%%

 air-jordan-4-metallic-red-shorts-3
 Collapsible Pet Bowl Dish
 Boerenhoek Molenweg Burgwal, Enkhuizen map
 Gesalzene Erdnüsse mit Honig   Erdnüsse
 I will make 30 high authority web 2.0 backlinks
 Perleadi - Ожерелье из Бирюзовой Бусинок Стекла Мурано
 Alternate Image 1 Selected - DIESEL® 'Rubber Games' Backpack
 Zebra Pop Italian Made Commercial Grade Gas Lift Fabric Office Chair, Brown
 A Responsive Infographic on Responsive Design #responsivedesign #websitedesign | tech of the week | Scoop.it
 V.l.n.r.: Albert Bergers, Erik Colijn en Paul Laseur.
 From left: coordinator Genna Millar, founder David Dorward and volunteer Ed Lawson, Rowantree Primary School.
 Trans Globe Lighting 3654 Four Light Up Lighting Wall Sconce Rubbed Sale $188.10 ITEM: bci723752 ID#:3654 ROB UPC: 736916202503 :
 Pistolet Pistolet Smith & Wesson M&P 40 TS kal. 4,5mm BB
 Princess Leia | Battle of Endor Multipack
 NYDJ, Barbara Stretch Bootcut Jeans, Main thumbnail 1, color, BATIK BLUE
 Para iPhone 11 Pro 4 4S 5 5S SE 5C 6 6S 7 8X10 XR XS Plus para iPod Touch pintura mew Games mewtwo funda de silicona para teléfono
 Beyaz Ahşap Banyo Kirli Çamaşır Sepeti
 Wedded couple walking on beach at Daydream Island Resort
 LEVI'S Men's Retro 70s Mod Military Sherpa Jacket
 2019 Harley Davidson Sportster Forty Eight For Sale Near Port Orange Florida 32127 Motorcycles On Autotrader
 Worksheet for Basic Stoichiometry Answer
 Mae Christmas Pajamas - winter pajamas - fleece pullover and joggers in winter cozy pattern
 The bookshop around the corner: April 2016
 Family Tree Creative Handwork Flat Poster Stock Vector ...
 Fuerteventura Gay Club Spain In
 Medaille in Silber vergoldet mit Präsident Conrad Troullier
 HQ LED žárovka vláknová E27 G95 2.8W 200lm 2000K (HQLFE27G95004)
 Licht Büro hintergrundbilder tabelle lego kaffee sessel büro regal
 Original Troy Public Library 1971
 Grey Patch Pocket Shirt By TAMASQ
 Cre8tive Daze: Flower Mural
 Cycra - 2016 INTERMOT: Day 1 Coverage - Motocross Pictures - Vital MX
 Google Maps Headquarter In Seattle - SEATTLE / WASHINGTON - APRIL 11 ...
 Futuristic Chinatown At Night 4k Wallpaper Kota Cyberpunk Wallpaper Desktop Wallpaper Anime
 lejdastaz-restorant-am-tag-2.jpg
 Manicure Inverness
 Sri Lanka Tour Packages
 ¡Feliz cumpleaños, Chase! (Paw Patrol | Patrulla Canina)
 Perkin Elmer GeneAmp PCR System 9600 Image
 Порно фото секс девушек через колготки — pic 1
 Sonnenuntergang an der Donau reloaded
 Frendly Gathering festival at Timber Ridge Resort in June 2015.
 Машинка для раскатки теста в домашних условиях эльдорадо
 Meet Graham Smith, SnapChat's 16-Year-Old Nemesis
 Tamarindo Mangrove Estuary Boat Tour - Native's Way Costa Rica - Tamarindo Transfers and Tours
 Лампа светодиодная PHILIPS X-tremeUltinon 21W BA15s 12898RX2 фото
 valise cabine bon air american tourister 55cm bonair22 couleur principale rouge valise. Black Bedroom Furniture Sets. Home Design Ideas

%%

Track down every line of the material containing the string "фото", and copy it.

 Порно фото секс девушек через колготки — pic 1
 Лампа светодиодная PHILIPS X-tremeUltinon 21W BA15s 12898RX2 фото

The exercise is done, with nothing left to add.